I totes stole your whore crown.
With great power comes great responsibility.
The bar posted my picture because my name changes with each new fake i get. i'm getting a wig.
A 300 lb dude in a sundress yelling bible verses while wearing a raggedy anne wig is just as funny as I thought it would be. Thank you san francisco.
I have officially made out with every girl you've made out with, even the random you met on the Mexico flight
Restaurants Roasting People Who Gave Them Negative Yelp Reviews (25 Pics)
We should reintroduce naked Mondays
There's just something about a dollar tree pregnancy test that screams THIS WASNT PLANNED!
You're really doing everyone a disservice by wearing pants all the time.
I think that "I fucked your little brother" wasn't the best way to introduce yourself.....
Thanks for takin my cousin out last night, sorry I passed out so early
You kidding, the kids a legend.
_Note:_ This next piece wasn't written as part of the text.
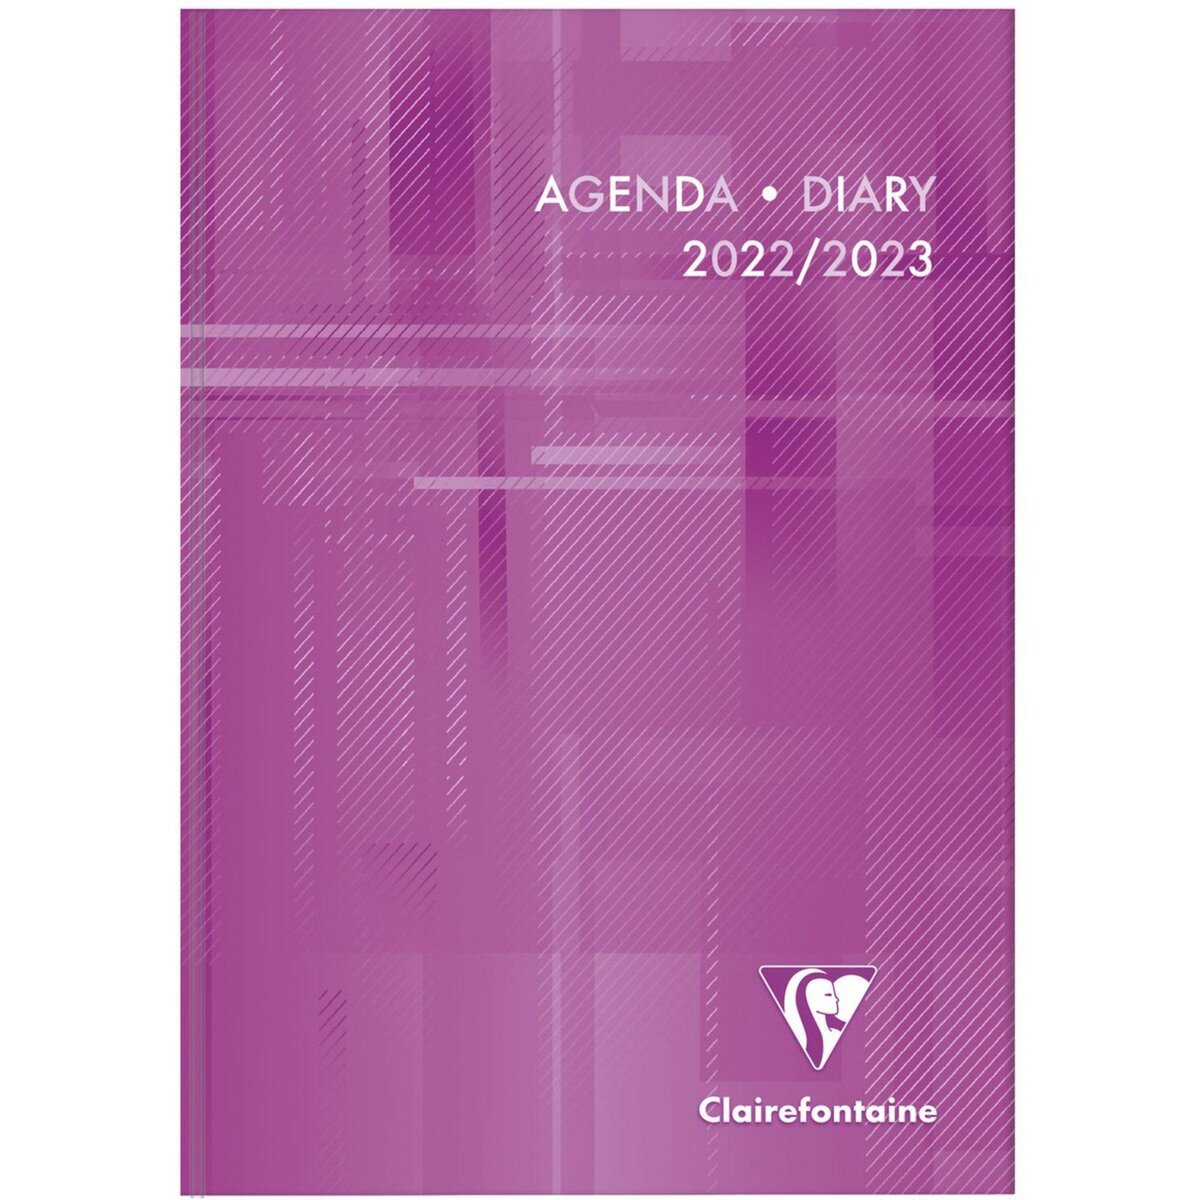 CLAIREFONTAINE Agenda scolaire journalier 12x17cm rose 2022-2023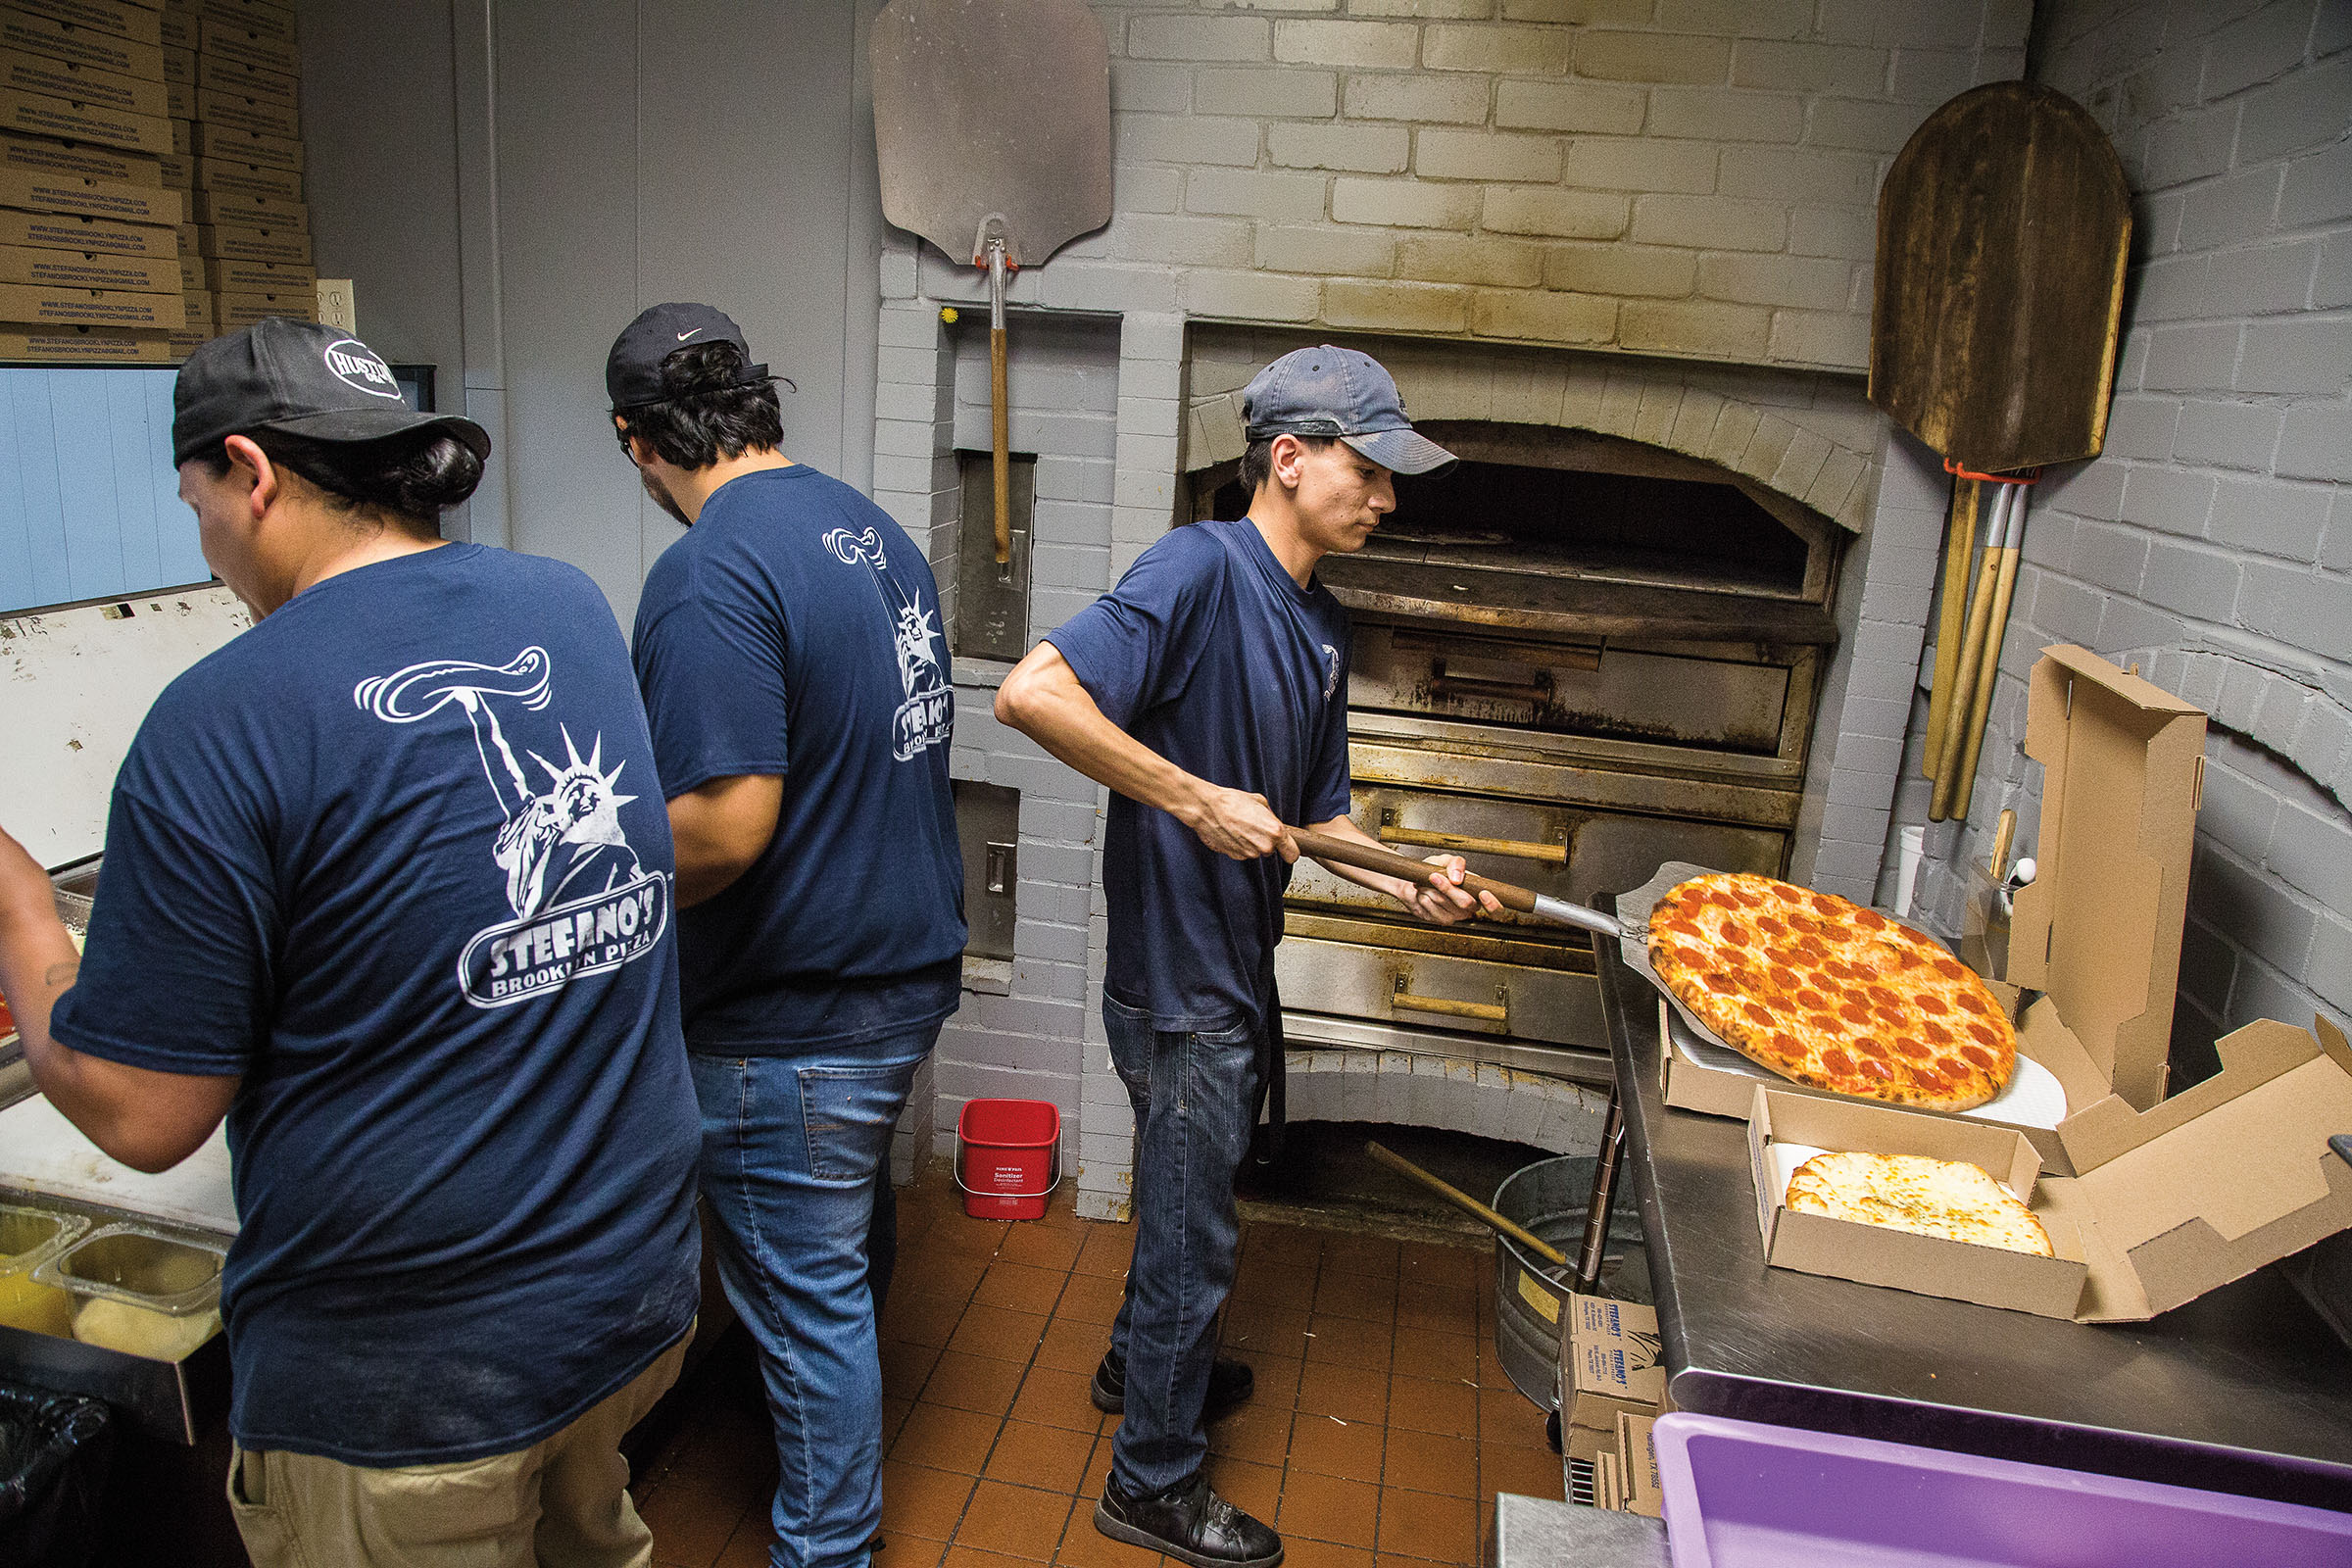 An employee takes a pizza off of a peel in front of a large oven while other employees look nearby

He literally killed a bottle of Jamison, made out with a girl AND her Mom at the bar, stole us slices of pizza and told the cab driver where to go in Spanish. He doesn't even live in the area. Can we keep him?
Woman Posts Harassing DMs From Creep Online, Now He’s Upset Because People Told His Mom
Dude. Photoshop a Santa hat on your mug shot and send it as your Christmas cards.
Oh great. I guess I'm second on that list now that we've confirmed she's not a lesbian AND that was her sister.
My arms in a cast, how am I supposed to have sex with only one hand?
more importantly I need two hands to eat pie
You got stoned and bought $300 worth of pudding. Again! Why do YOU think she left you?
I'm literally spending $165 to fly to Arizona to have a sex road trip coming back
So today was the first day i've been sober since Wednesday according to my roommate!